他伸手扶起韩平,低声道:“那时大哥为了试探我,让方士对我施了魇术,我在梦魇中看到卫长轩死去,听着他的惨呼震彻了我的耳朵,而后恍惚摸到他冰冷的尸身。那时我所感到的痛苦绝望,此生也无法忘记。我在无数个夜晚,重复着这个噩梦,这就是这些年藏在我心底最深的恐惧。”
韩平从未听他提起这件事,不由怔住了。
杨琰眼中渐渐有莹然的泪水涌出:“你说得对,我和卫长轩志向不同,将来或许终要分开,他或许终究会恨我,怨我,永远也不原谅我。可我依然要去救他,他是我的……”他声音哽咽,几乎要说不下去,“他是我的卫长轩,我决不会让那个噩梦变成现实,便是只有万分之一的可能,我也要去救他,我要亲手把他从战场上带回来!”
韩平从这话中已听出杨琰的心意再不可扭转,脸上不由浮现出死灰般的神色,张了张口,尤带不甘地道:“公子,这或许是你这一生唯一能够登上帝位的机会了,一旦成功,你的声名会远超过你的父王,甚至与太宗皇帝比肩。你可以建立一个新的朝堂,未来的大昭皆是你的天下,而你的名字也会被载入青史。”他顿了顿,用近乎蛊惑的语气道,“这天下眼看就要落入你的手中,你真的不要么?”
杨琰笑了,他脸上还挂着泪水,笑容看起来有几分凄楚:“我怎么会不想要,这是我一生的心愿啊,”他垂下眼睛,沉重地摇了摇头,“可我已经明白了,我可以没有这天下,但我不能没有卫长轩。”
韩平怔怔看着他,低声叹息:“是这样么?”他后退了几步,最后一次向杨琰拜别,而后转身离去,再不停留。

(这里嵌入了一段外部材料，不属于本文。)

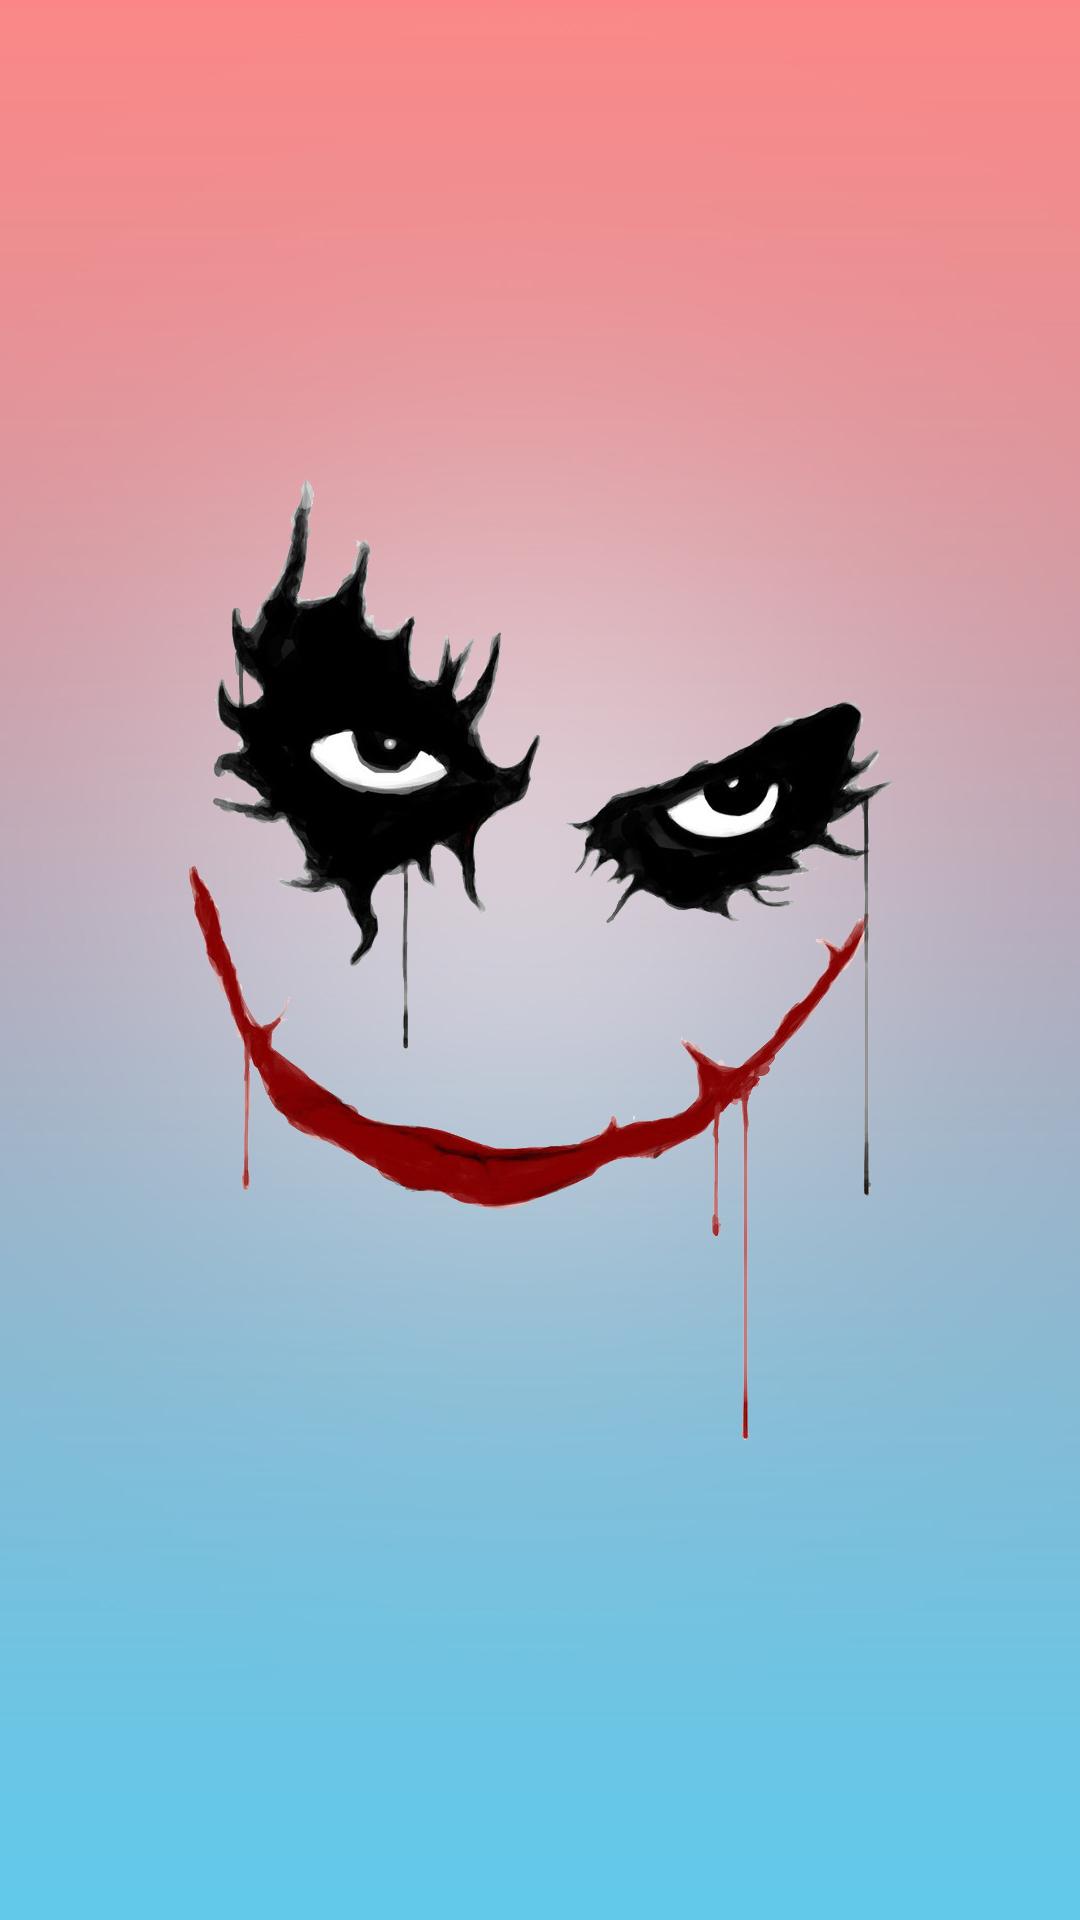 Joker Wallpaper iPhone 6S Plus by DeviantSith17 on DeviantArt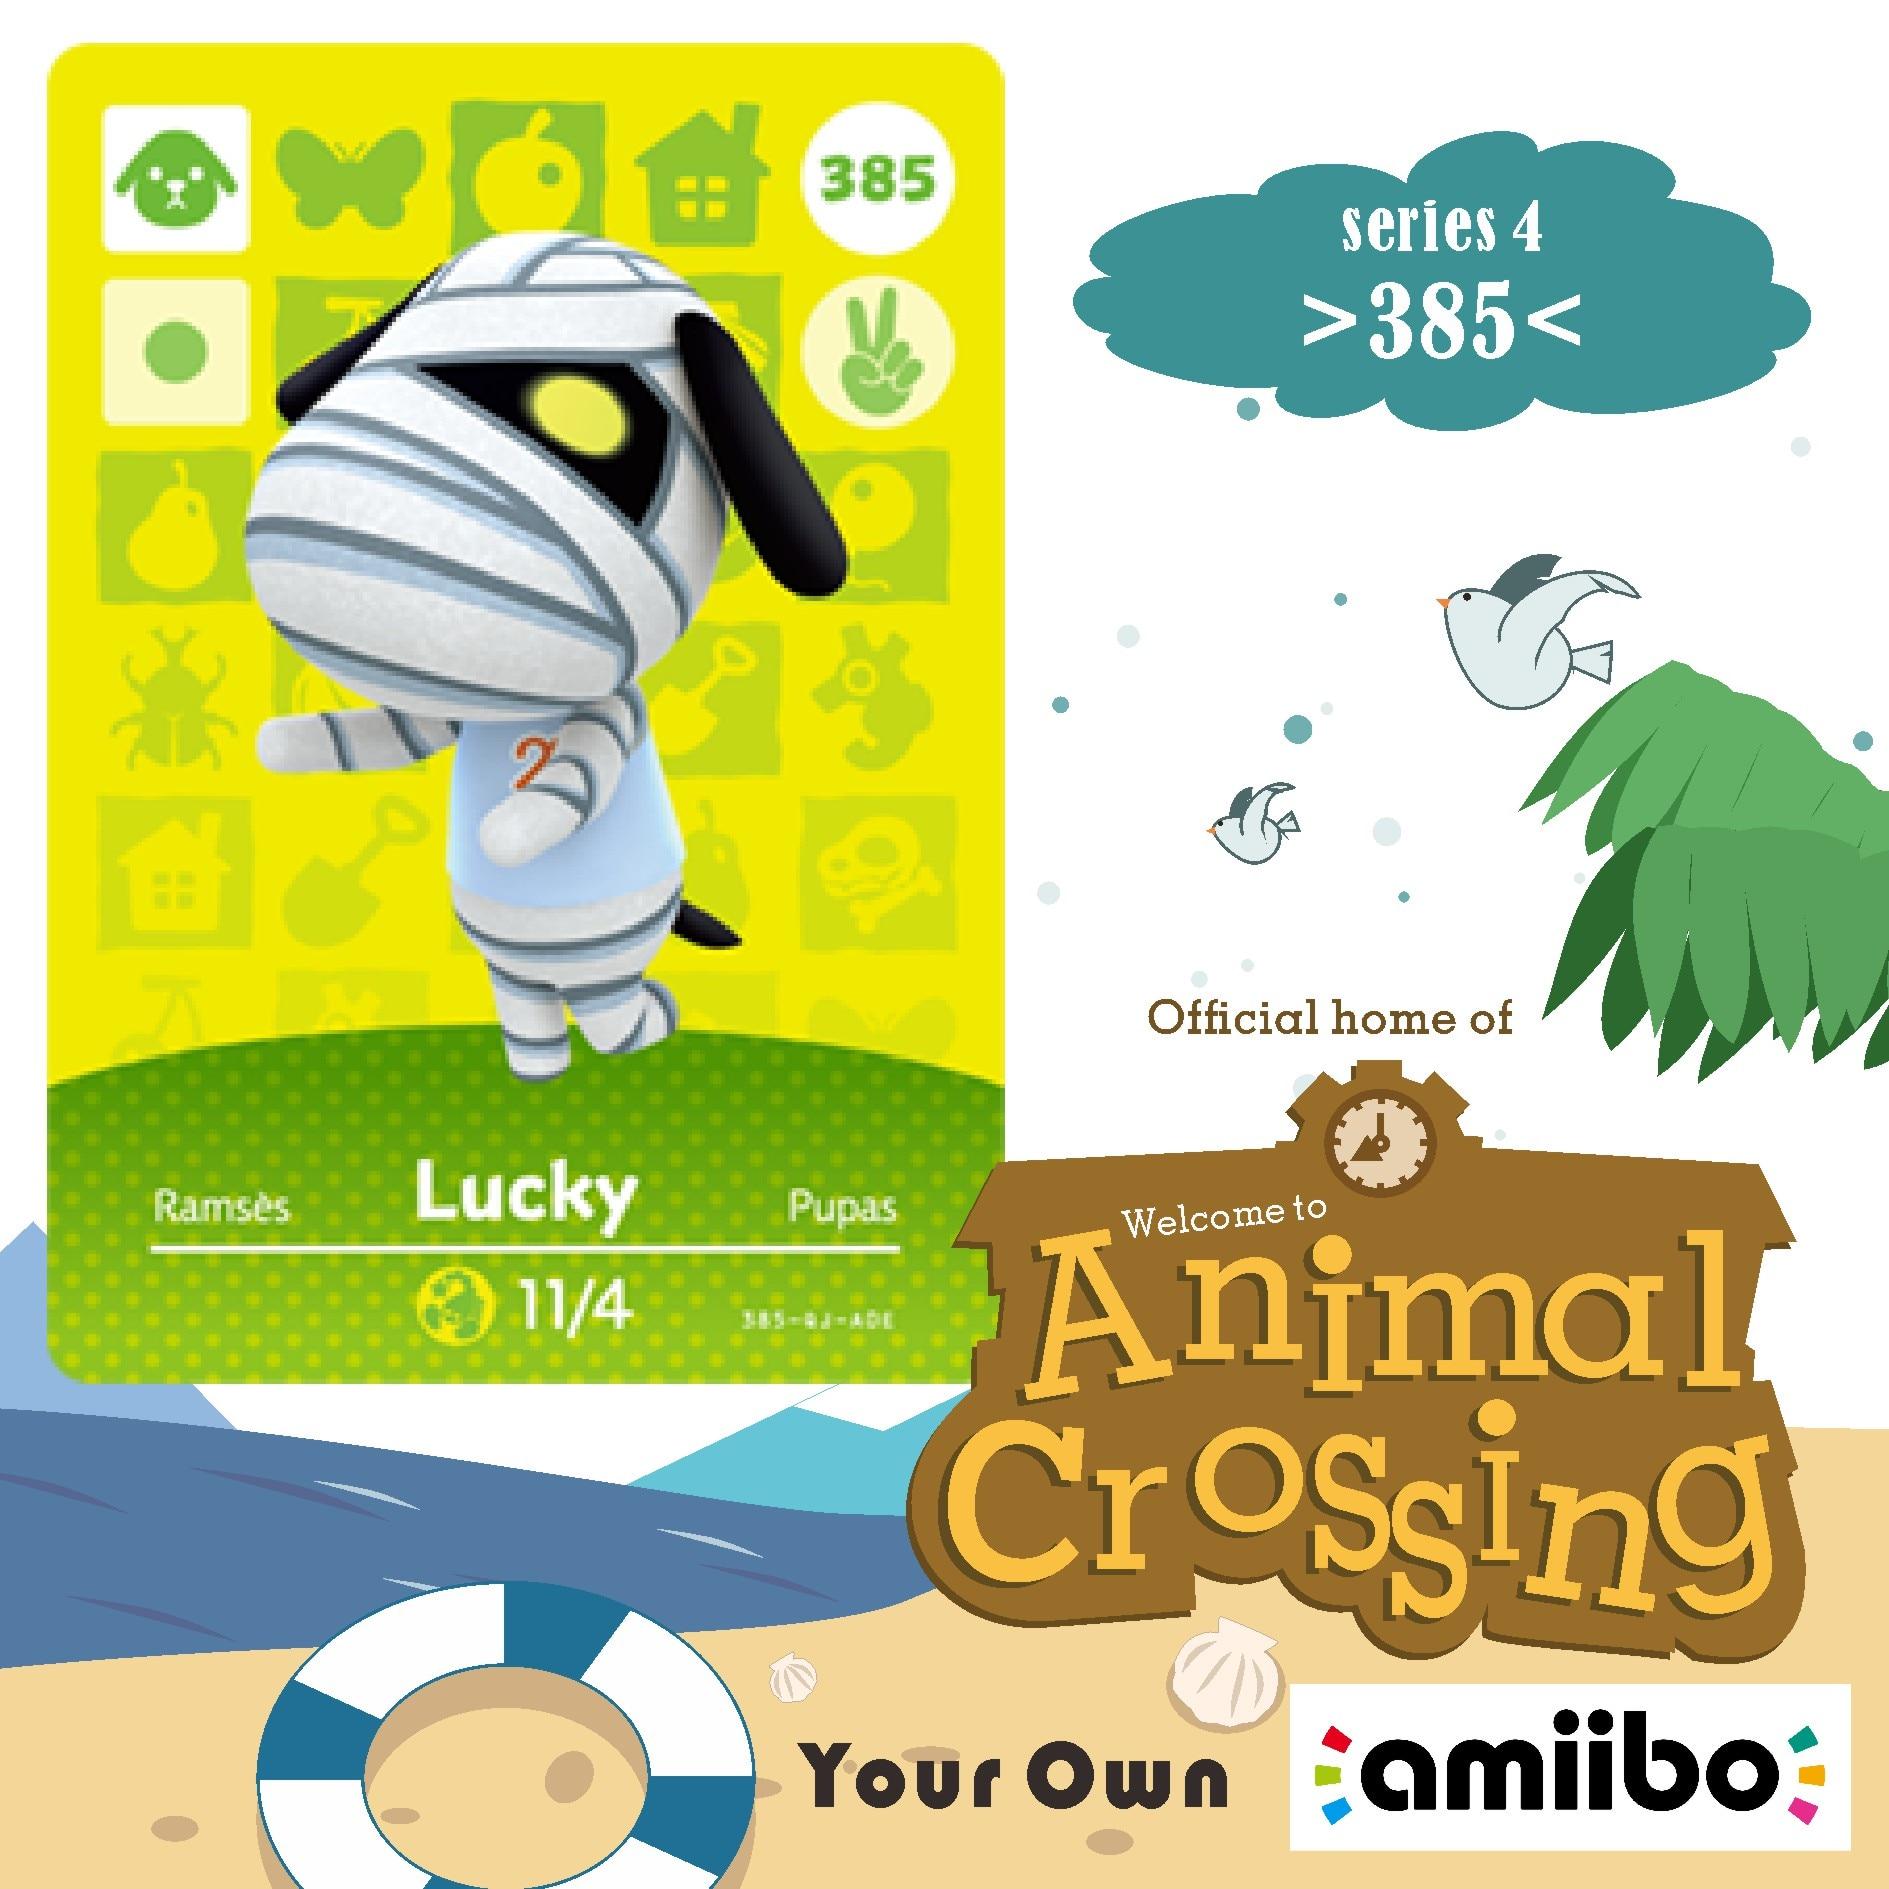 Amiibo Animal Crossing Lucky Cards Animal Crossing Switch Rv Welcome Amiibo Villager New Horizons Amiibo Card Gift Cross Card

杨琰站在屋内,听见他离去时笑声寂寥,孤声长吟:“再不闻,云龙乘风破苍穹,千载浮名化飞灰。”
第89章 完结
永安十年,五月十九,天已破晓。
安平街的尽头,一匹马跌跌撞撞奔来,马上的年轻人清秀的面孔因为焦急不安,已显得有些扭曲。出乎他意料的是,这样的清晨,穆王府门外已整齐地列了左右骁卫的人马。而大门也正敞开,门外的王府长史唐安看见来人,低头行礼:“主子有令,若是温大人前来,即刻请到正殿说话。”
温芷微微一愣,却也没有多问,偏腿下马之后便大步走入了王府,跟着唐安走过穿堂,而后又是一愣。只见前日刚病倒的穆王殿下,此刻正静静站在庆安堂外的石阶上,他脸色还有些微苍白,却很镇定,晨起微红的熹光照在他的眼睛上,愈发显得他眸色深沉,难以捉摸。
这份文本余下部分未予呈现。